When was the last time Tim Burton made a half-decent movie? 2005's CORPSE BRIDE? Well that was animation. 1994's ED WOOD? And yet I think of myself as a massive Tim Burton fan. Maybe it's just because I like the idea that in the botoxed, day-glo Wood that is Holly, there is still room for a camp-goth weirdo. But I guess, like an abused wife, it's time to realise that he may tell you he loves you, and that he's sorry, and that it won't happen again, but that you have too much self-respect to go back yet again to hurt and disappointment.
Am I over-reacting? Maybe. But the mind-boggling stupidity of DARK SHADOWS - the two hours of grating boredom - have unleashed two decades of pent-up anger, sorrow and regret. Tim Burton used to be radical. He used to be subversive. Now he's just predictable, banal and worst of all, aimless. Where once there was auteur vision, now there's just a shapeless, nonsensical mess.
DARK SHADOWS may well be worse than JOHN CARTER.
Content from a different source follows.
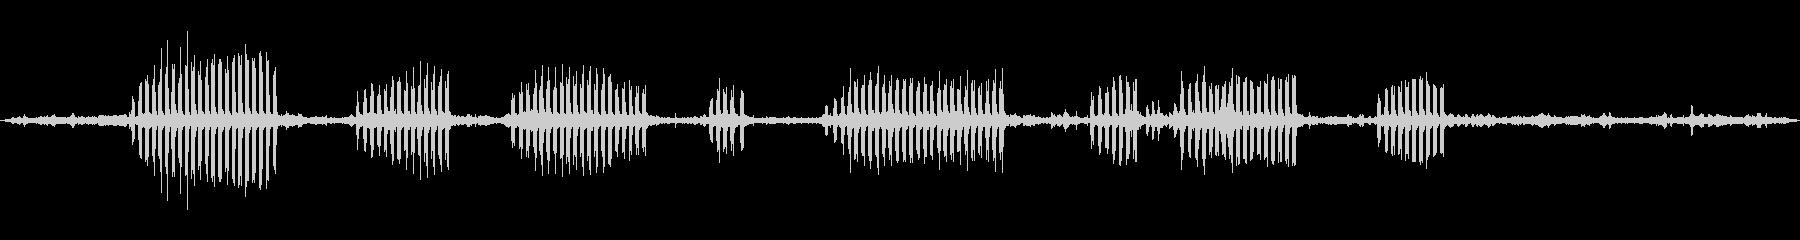 環境音 リバードーンバードクローズ01の未再生の波形

Ok, so let's take a moment, calm down, and start this review again. Once upon a time a long time ago, there was a camp-horror TV series called "Dark Shadows". Tim Burton, Johnny Depp and Michelle Pfeiffer fell in love with it. It centred on a 17th century guy called Barnabas Collins, living in then-contemporary 1970s Maine with his formerly rich, impoverished, odd-ball family. Clue lots of fish-out-of-water comedy, and some good old hammy romance-vengeance as the witch who originally cursed Barnabas continues to purse him.
In this remake, which was can only presume is loving and a fan-fic, Depp takes on the role of Barnabas, Pfeiffer the current matriarch and Eva Green the witch, Angelique. The film is, as one would expect, beautifully designed, with the exception of Green's shockingly bad blonde wigs. (Second only to Cersei's bad wigs in HBO's Game of Thrones, season one.)
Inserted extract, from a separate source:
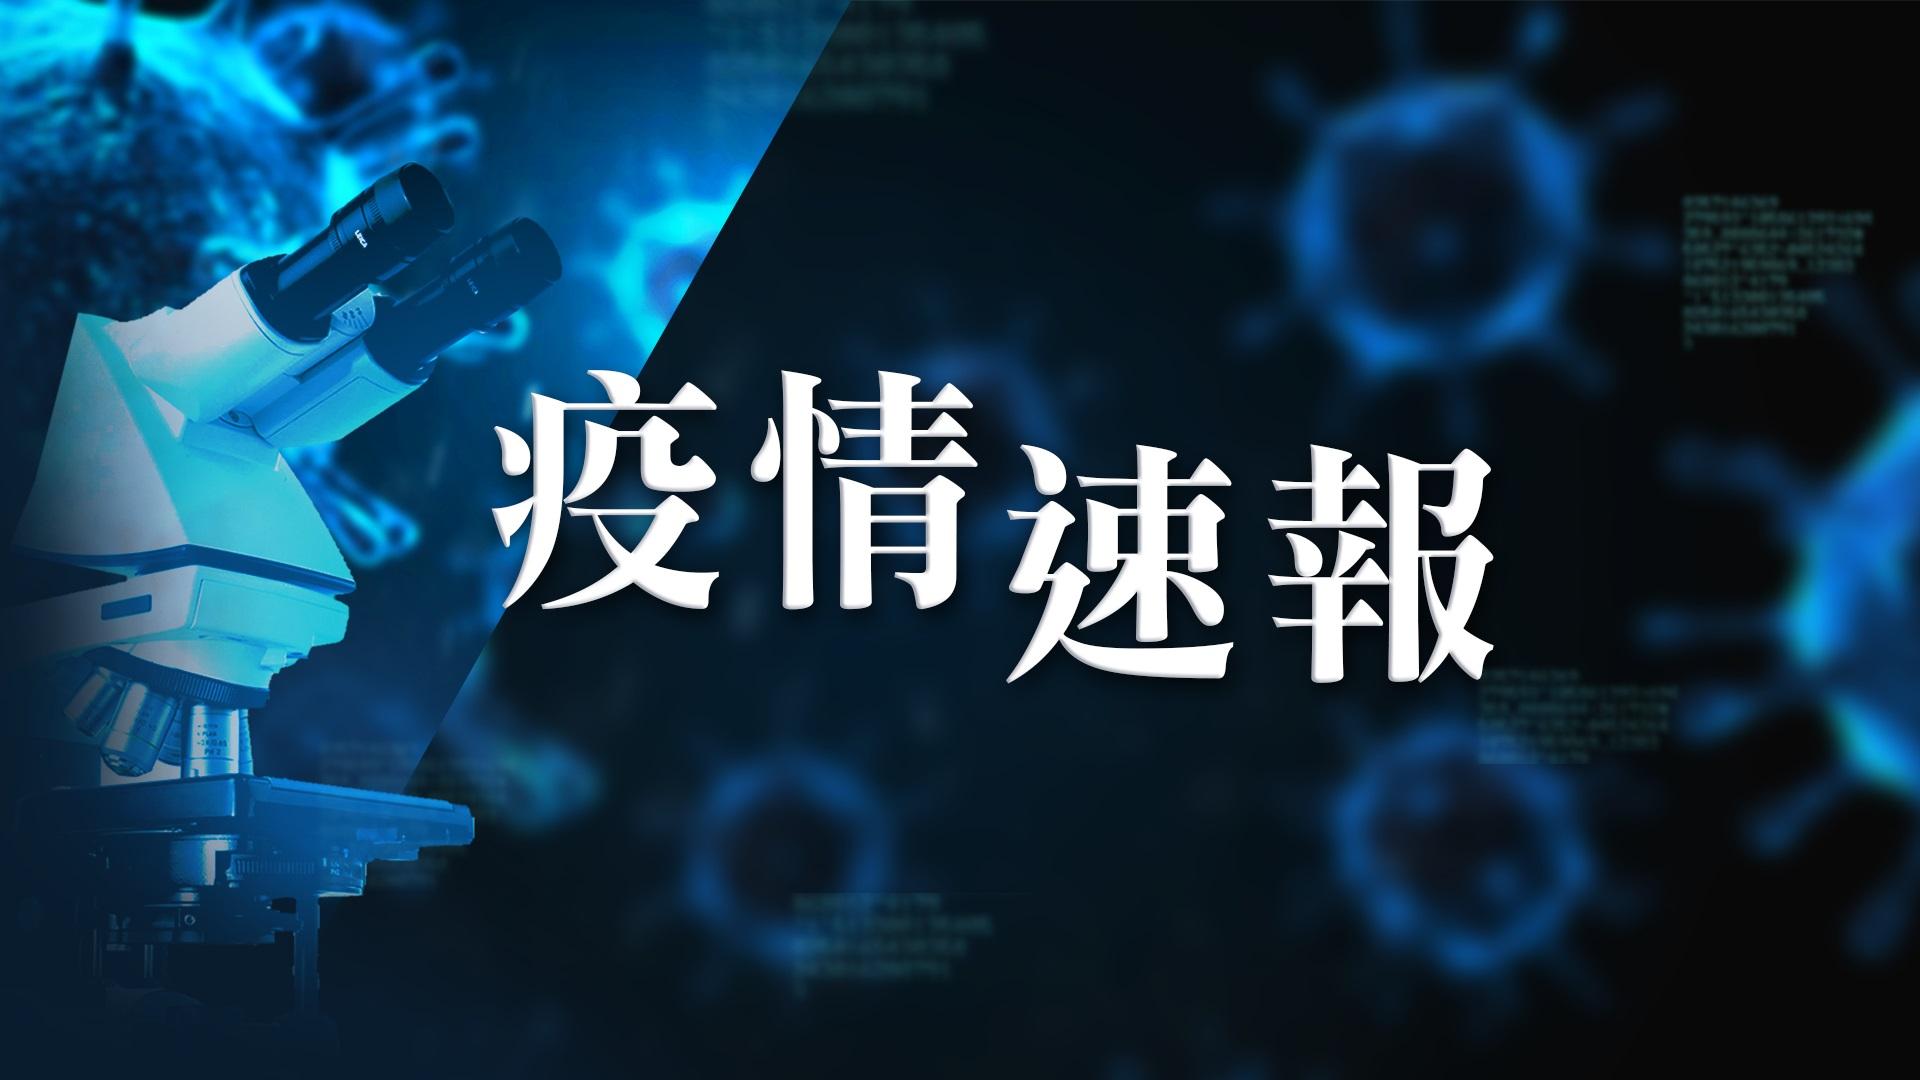 【7月4日疫情速報】 (23:00)

The problem is that the story zigs and zags with no apparent logic. The movie is tonally all over the place. Is it a spoof? A straight comedy? Is it even trying to be spooky at all? Some characters are under-used and under-developed (poor Jonny Lee Miller as Pfeiffer's brother is a case in point). Other characters have major plot reveals that are dictionary definitions of non sequitors (Chloe Moretz as Pfeiffer's daughter). And the key romance between Barnabus and a contemporary nanny just has no emotional purchase on us whatsoever. This movie is a mess. And not a mess in the manner of a quirky indie movie, whose rough edges are part of its charm. A mess that is frustrating and boring to endure.
Avoid.
DARK SHADOWS is on global release everywhere bar Argentina, Brazil, Colombia and Mexico, where it is released on June 22nd.